### Exercise data
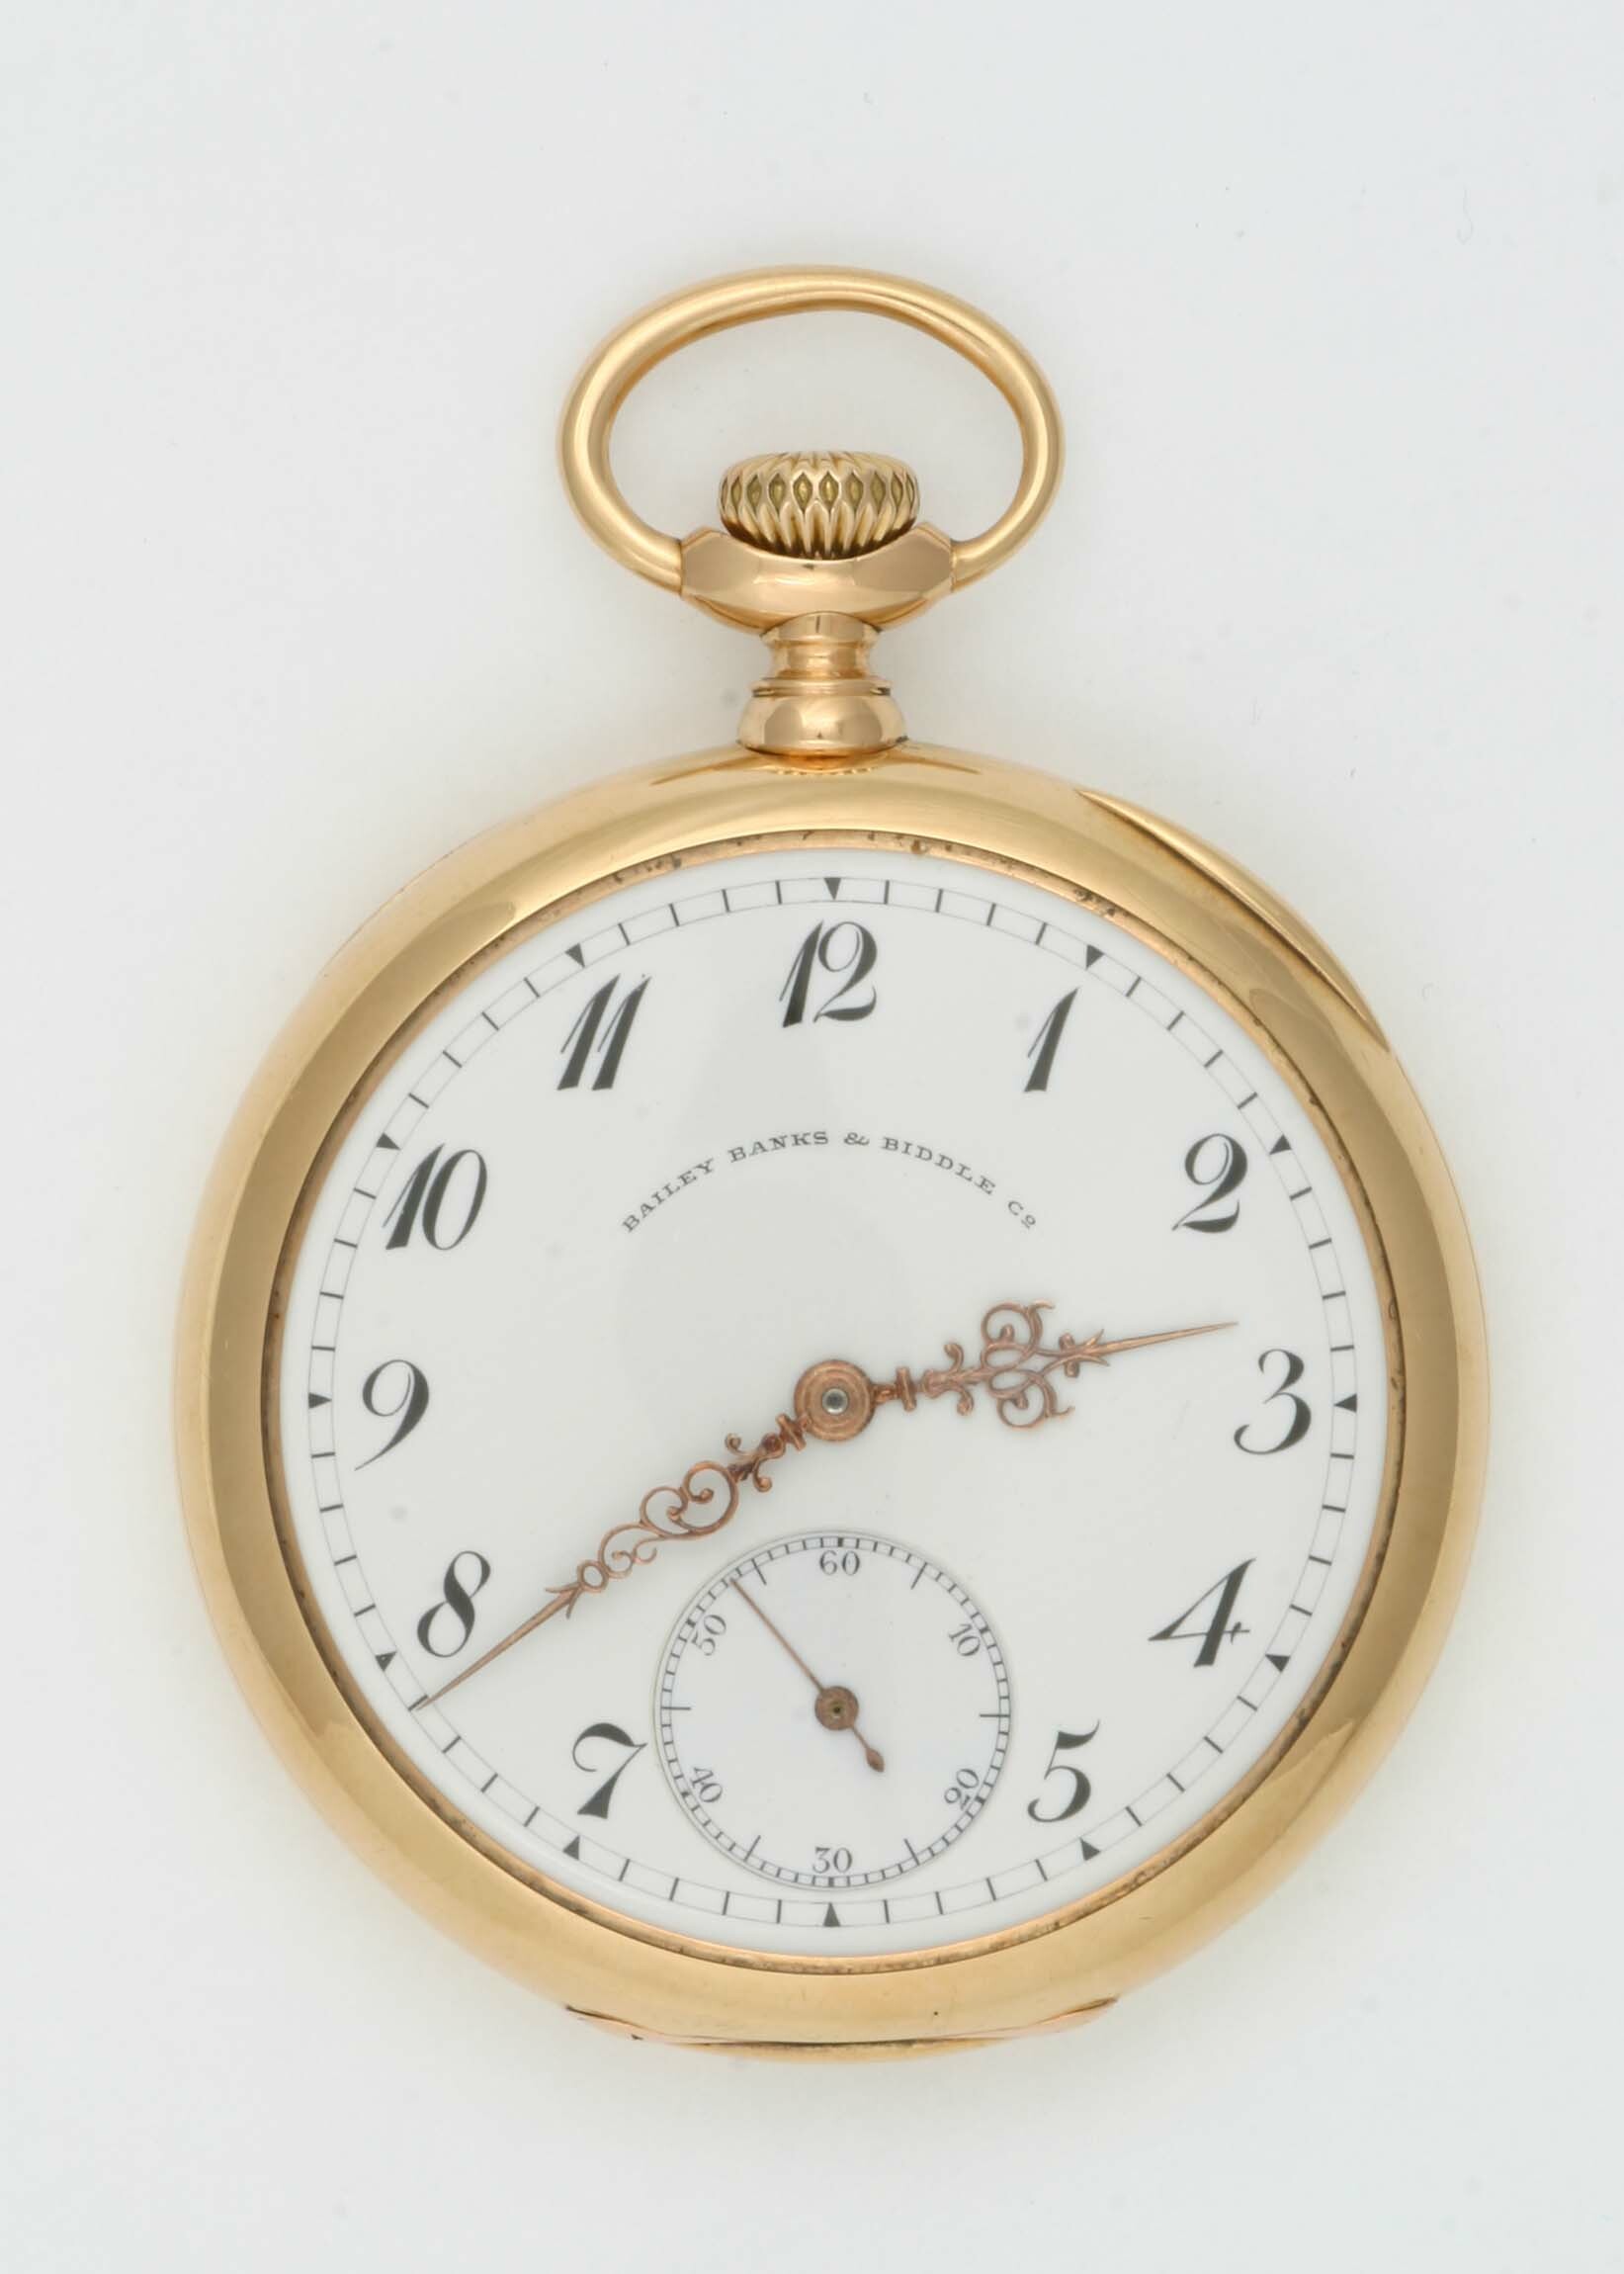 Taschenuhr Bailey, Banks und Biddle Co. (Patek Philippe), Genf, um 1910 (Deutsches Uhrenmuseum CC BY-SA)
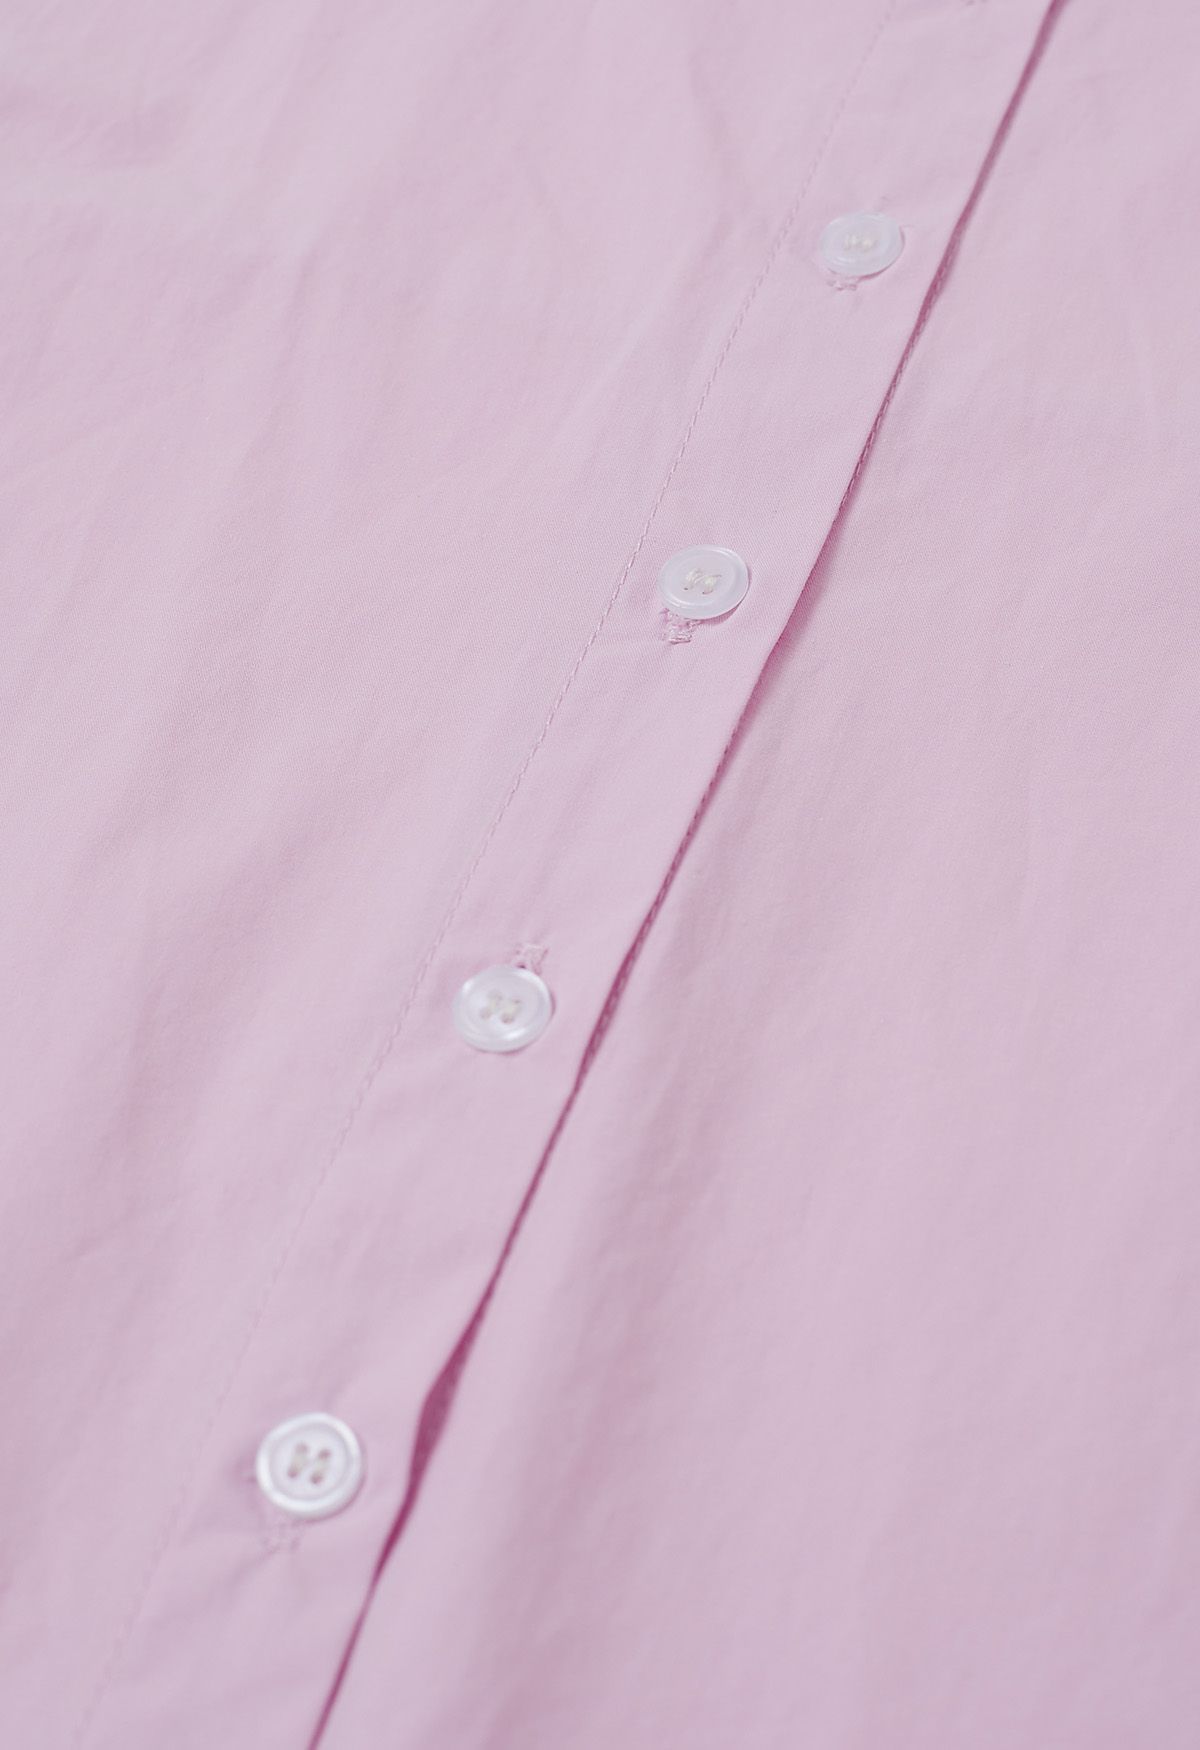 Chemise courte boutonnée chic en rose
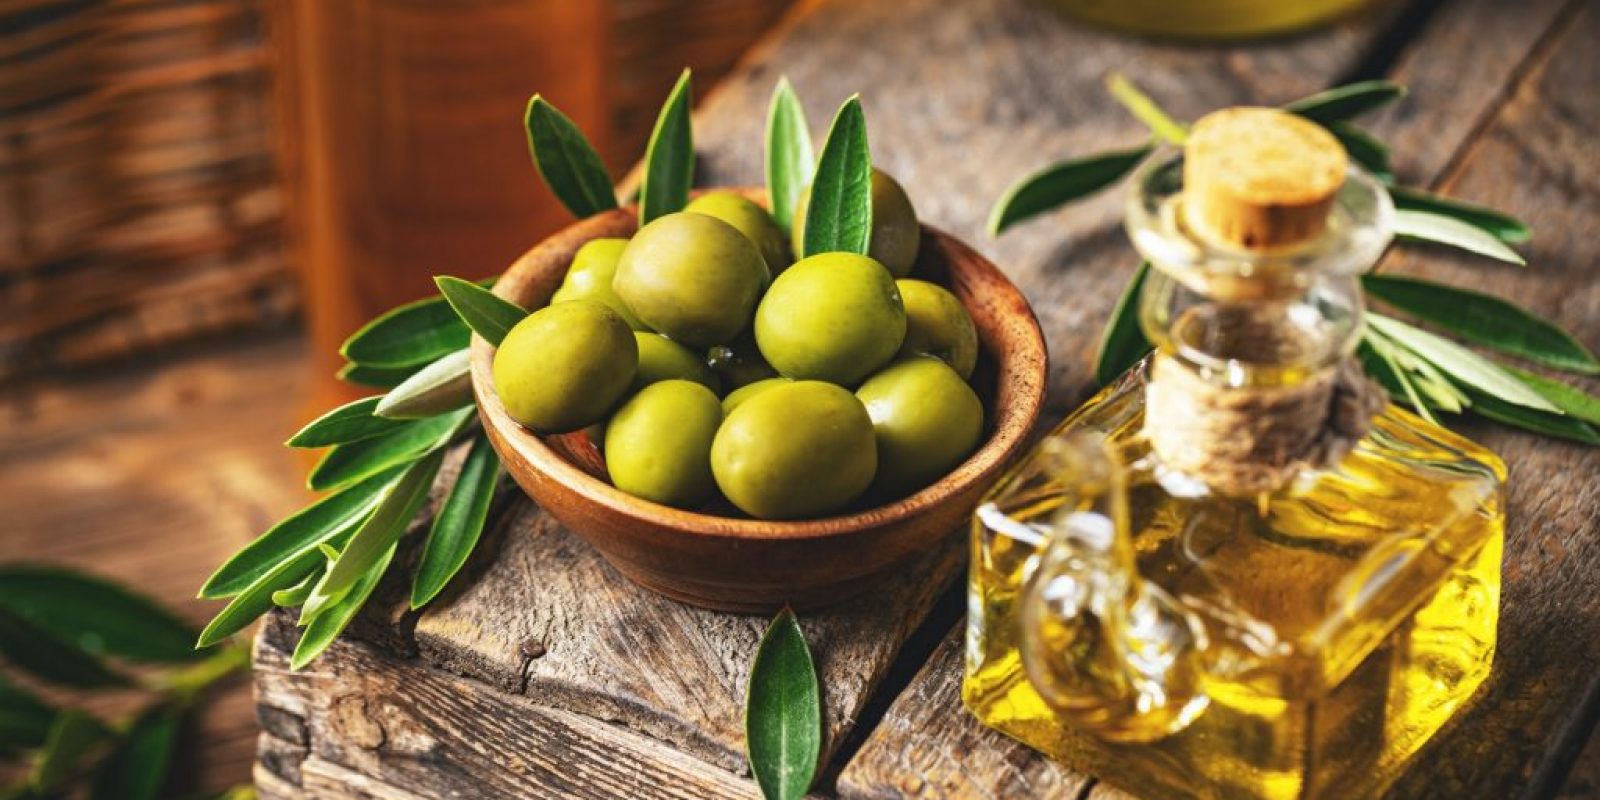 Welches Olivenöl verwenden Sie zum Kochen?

### What is required
Omit the pictures and print the listing exactly.

### Solution to this exercise
 Taschenuhr Bailey, Banks und Biddle Co. (Patek Philippe), Genf, um 1910 (Deutsches Uhrenmuseum CC BY-SA)
 Chemise courte boutonnée chic en rose
 Welches Olivenöl verwenden Sie zum Kochen?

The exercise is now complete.